In March 2004, Bain Capital paid around $260 million to participate in the $2.6 billion buyout of Warner Music Group from Time Warner Inc. To date, the Boston-based firm has recouped its entire equity investment, made another $18.62 million via last month’s IPO and is currently sitting on another $375 million in Warner Music stock. So why aren’t all of Bain Capital’s limited partners smiling? Because investors in firms like Thomas H. Lee Partners and Providence Equity Partners-which also participated on the original Warner Music buyout-have done even better.
At issue is the way in which different leveraged buyout firms share transaction and monitoring fees with their limited partners. This is particularly important in the case of Warner Music, as investors received a $75 million transaction fee for the initial buyout, $10 million in management/monitoring fees and a stunning $73 million once the management/monitoring agreement was terminated by virtue of the IPO. Bain’s pro rata percentage of that amount, for example, was $32.85 million, while TH Lee generated $76.85 million.
A decade ago, it was common for buyout shops to take 100% of such payments.

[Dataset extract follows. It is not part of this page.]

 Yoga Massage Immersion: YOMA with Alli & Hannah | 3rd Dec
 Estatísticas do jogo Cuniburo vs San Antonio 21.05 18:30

More recently, however, buyout firms have responded to LP pressure with a bit more generosity.
“I’m not sure that there is necessarily an industry standard, but buyout firms have moved more toward 60/40 [in the LPs’ favor] or 50/50 over the past five years or so,” says Erik Hirsch, chief investment officer for Hamilton Lane. “Usually, though, carried interest is applied to those fees, so a firm that gives 100% to its LPs may only be giving 80 percent.”
Examples of firms with a 100/0 split in their LPs’ favor include Warburg Pincus and Hellman & Friedman, while The Blackstone Group’s proposed $11 billion mega-fund features a 50/50 split, as did its $6.45 billion predecessor.
As for Warner Music shareholders, TH Lee reportedly features a 60/40 structure, while both Bain and Providence Equity Partners are at the 50/50 mark. On its face, therefore, it would seem that TH Lee limited partners actually get the shortest end of the stick on a pro rata basis, but appearances can be deceiving.
While both TH Lee and Providence generally pay out the aforementioned percentages (sometimes minus third-party consulting fees), Bain Capital has only done so in a handful of cases. Why? Because Bain doesn’t just keep the initial 1% and then apply 30% carried interest. It also charges for in-house consulting fees associated with each portfolio company. The strategy is part of the firm’s Bain & Co. consulting heritage, and almost always eats up any of the 50% of transaction and monitoring fees earmarked to LPs. In the case of Warner Music, for example, LPs aren’t expected to see any of the $16.42 million they theoretically have coming to them.
“Limited partners give Bain the money to do the deals, but then don’t share in all of the profits,” grouses one limited partner. “It’s completely unfair.”
Bain declined to comment on the record about its fee strategy, but sources close to the firm say that its lack of generosity is the natural outgrowth of having far more investment professionals than do most other LBO firms. According to last month’s issue of Private Equity Manager, Bain had 101 investment professionals on staff, as compared to just 26 at TH Lee and 35 at Providence Equity. As such, Bain would argue, it needs more cash to pay its employees, and has chosen this “keep the fees” path over increasing standard fund management fees. It also doesn’t charge “dead deal” fees. LPs, however, counter that this arrangement still winds up with the average Bain investor making a whopping $325,000 off of Warner Music fees, before counting fund management fees, carry or prospective profits off future liquidity events.
But this isn’t just about numbers. Bain believes that its aggregated investor masses help it add value that other LBO firms cannot. In the case of Warner Music, for example, Bain believes it was integral in the cost-cutting that helped Warner turn a $1.19 billion net loss from October 2003 to March 2004 into a $47 million net gain from October 2004 to March 2005. As evidence, it cites such things as the insertion of Bain managing director Michael Ward as interim CFO.
If Bain does, indeed, add more value than does TH Lee, for example, there is still the question of why those fees are passed on to the limited partner. Perhaps it’s unavoidable in a single-sponsored deal, but clearly not in the case of Warner Music. After all, if Bain is providing services that TH Lee and Providence would generally have outsourced, shouldn’t those firms be paying Bain a consulting fee?
Neither TH Lee nor Providence responded to requests for comment on the matter, and Bain-friendly sources say that Bain doesn’t charge consulting fees because the extra work is a trade-off for access to top-flight deals. The proof of this strategy’s success, they say, is that Bain’s most recent fund-raising drive was oversubscribed. If the situation were unfair, they argue, Bain would have been forced to change course long ago.